All patients underwent initial diagnostic angiography under local anesthesia and analgesics via the transfemoral approach in four splenorenal shunts and the transhepatic approach in four mesocaval shunts using a 5-F vascular sheath. The shunts were catheterized with a 5-F angiographic catheter (Cobra, Cook, Bloomington, IN, United States) and a 2.4-F microcatheter (Progreat, Terumo, Somerset, NJ, United States) in four patients, whereas a 9-F guiding sheath (Flexor Ansel, Cook Medical, Bloomington, IN, United States) was introduced to deploy the vascular plug in four patients. Embolization was performed using vascular plugs (AVP; Medical, Golden Valley, MN, United States) or coils (Interlock, Boston Scientific Co., Natick, MA, United States) combined with gelatin sponges (Gelfoam, Upjohn, Kalamazoo, MI, United States). The AVP II was utilized. Furthermore, correctly sized detachable coils (average 11.1 ± 5.3, range 5-22) were deployed.
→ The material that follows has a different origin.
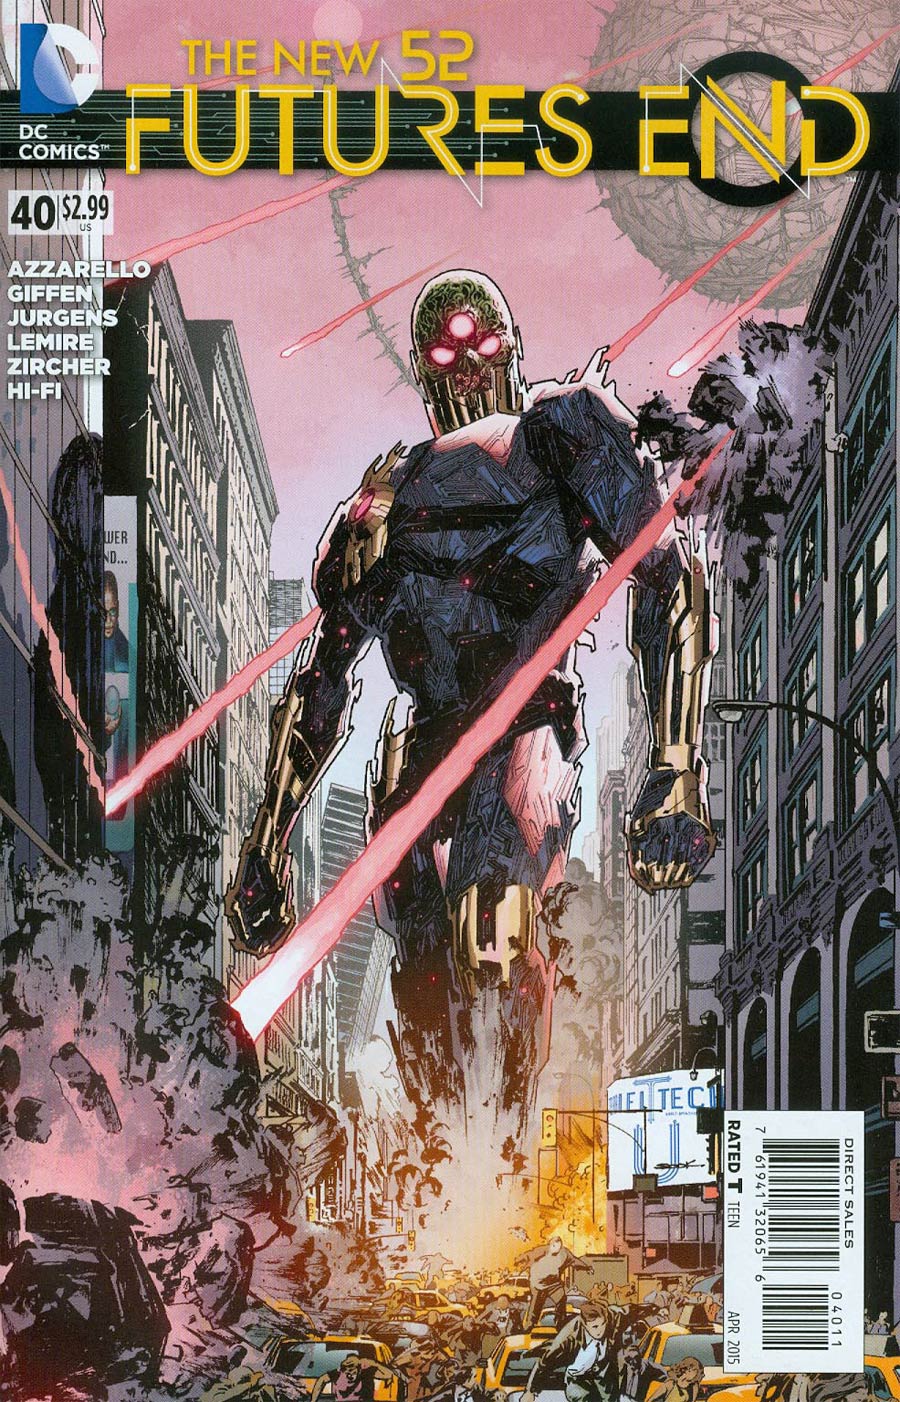 New 52 Futures End #40

The primary outcome was overall survival. The secondary outcome was the recurrence of overt HE for 3 months. HE of grade 2 or higher was considered a recurrence, regardless of the presence of an identifiable precipitant. Changes in liver function, plasma ammonia levels, and safety laboratory tests were evaluated before and after the procedure. MELD scores and CTP scores were assessed before and 1 year after the shunt embolization.
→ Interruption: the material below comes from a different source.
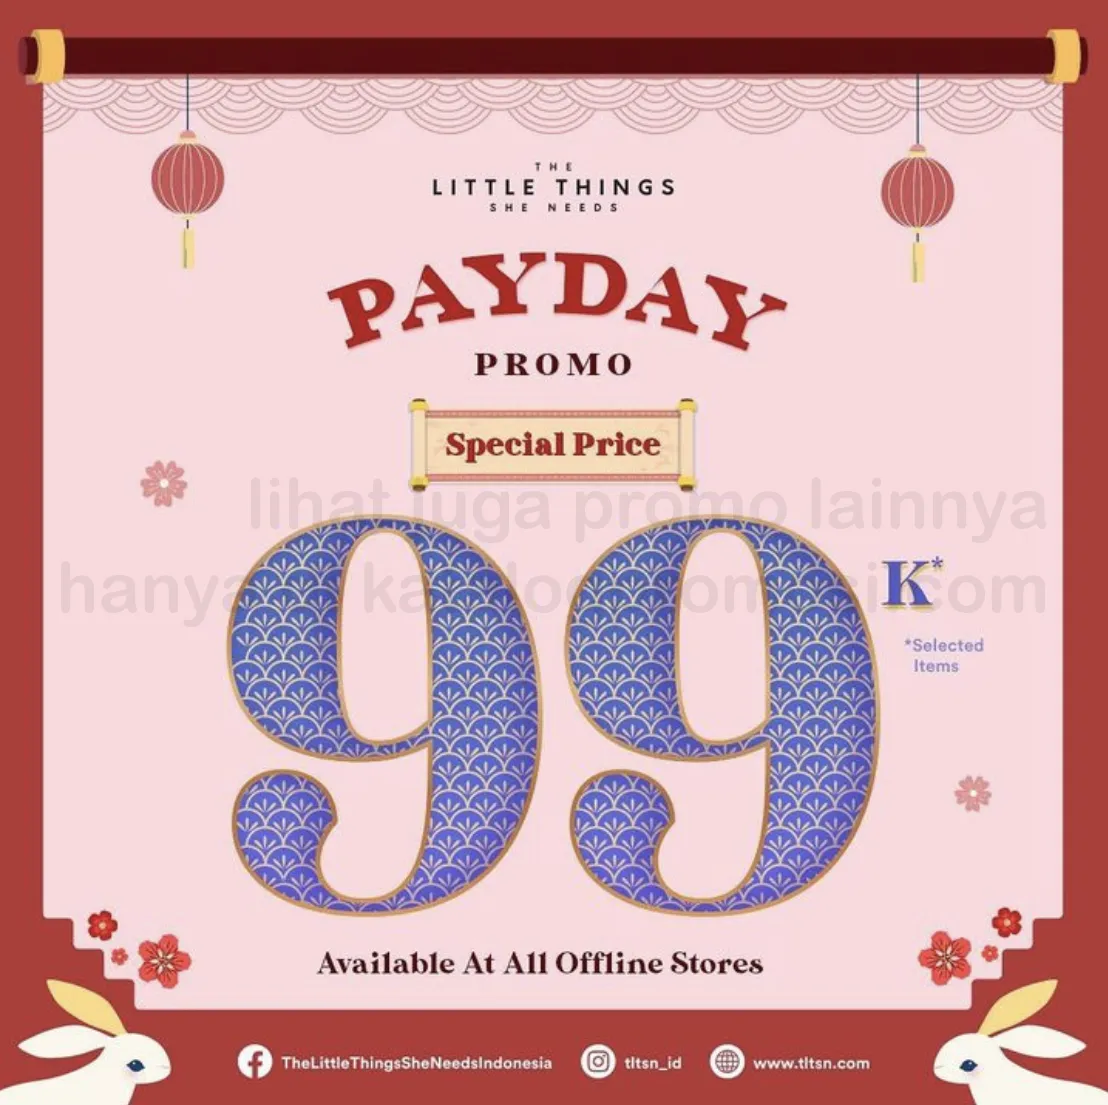 Promo The Little Things She Needs Payday Sale - Happy Price Rp 99.000 For Selected Item*

Since the data did not follow a normal distribution and sample sizes of both the treatment (n = 8) and control groups (n = 8) were small, a non-parametric statistical analysis was applied. Categorical variables were compared and analyzed using Fisher’s exact test, and continuous variables were compared using the Mann-Whitney U test. Kaplan-Meier analyses were performed for survival and cumulative HE recurrence rates, and differences between the two groups were compared and tested using the log-rank test. The Cox proportional hazards model was used to identify the risk factors associated with patient mortality and HE recurrence. The variables included in the Cox hazard model were group (treatment vs control), age, sex, previous HE episodes within 3 months, HE grades (II vs III/IV), albumin, total bilirubin, creatinine, PT-international normalized ratio, CTP score (B vs C), and MELD score. Statistical significance was defined as P < 0.05; all analyses were performed using R version 4.4.1 (R Foundation for Statistical Computing, Vienna, Austria).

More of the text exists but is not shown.